▶ [TASK DESCRIPTION]
Where "cuisine" occurs in a line of the entries below, copy that line.

****************************************

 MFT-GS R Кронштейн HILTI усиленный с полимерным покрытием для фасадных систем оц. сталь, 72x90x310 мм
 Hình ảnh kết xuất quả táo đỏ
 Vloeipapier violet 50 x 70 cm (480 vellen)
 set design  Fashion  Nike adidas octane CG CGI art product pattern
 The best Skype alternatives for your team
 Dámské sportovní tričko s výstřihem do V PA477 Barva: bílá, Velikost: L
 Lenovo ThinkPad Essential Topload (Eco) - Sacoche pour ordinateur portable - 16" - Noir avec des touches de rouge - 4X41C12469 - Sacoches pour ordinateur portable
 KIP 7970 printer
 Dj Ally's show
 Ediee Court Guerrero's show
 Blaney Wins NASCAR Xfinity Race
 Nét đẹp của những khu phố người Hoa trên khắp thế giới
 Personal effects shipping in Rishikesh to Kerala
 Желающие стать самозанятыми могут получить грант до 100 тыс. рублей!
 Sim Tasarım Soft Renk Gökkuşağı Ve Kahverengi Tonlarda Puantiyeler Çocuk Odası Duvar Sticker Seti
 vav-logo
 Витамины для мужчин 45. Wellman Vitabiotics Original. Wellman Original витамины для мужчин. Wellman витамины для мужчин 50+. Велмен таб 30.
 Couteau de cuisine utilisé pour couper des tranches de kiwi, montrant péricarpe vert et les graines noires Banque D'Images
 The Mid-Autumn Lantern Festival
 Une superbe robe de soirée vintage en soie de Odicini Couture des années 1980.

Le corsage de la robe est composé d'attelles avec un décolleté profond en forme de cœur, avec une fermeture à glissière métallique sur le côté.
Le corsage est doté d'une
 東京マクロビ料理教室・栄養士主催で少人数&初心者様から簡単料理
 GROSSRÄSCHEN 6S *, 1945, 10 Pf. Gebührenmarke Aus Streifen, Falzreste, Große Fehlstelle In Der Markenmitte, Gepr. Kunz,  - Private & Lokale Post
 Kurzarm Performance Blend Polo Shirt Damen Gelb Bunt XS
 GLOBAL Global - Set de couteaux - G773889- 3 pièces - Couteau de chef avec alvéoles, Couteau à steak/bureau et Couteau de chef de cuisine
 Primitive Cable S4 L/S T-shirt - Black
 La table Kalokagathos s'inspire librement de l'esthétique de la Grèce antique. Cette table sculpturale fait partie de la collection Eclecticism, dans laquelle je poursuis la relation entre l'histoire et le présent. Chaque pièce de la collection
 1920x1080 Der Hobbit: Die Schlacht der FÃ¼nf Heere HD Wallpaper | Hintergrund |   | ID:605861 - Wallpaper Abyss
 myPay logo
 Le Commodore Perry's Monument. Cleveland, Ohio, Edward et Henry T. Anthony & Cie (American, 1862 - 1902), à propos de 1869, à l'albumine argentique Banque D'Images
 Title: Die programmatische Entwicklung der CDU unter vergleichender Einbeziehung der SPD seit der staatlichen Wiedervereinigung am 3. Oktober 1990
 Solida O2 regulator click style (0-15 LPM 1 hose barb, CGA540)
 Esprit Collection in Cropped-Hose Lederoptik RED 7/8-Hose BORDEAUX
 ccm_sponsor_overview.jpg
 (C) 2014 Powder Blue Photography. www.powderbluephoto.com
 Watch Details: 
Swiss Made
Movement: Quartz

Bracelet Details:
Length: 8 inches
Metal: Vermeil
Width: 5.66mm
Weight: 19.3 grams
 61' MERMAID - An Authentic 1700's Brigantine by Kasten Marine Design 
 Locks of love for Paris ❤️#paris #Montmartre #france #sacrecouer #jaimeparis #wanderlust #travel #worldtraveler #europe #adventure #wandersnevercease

****************************************

▶ [REPLY]
 Couteau de cuisine utilisé pour couper des tranches de kiwi, montrant péricarpe vert et les graines noires Banque D'Images
 GLOBAL Global - Set de couteaux - G773889- 3 pièces - Couteau de chef avec alvéoles, Couteau à steak/bureau et Couteau de chef de cuisine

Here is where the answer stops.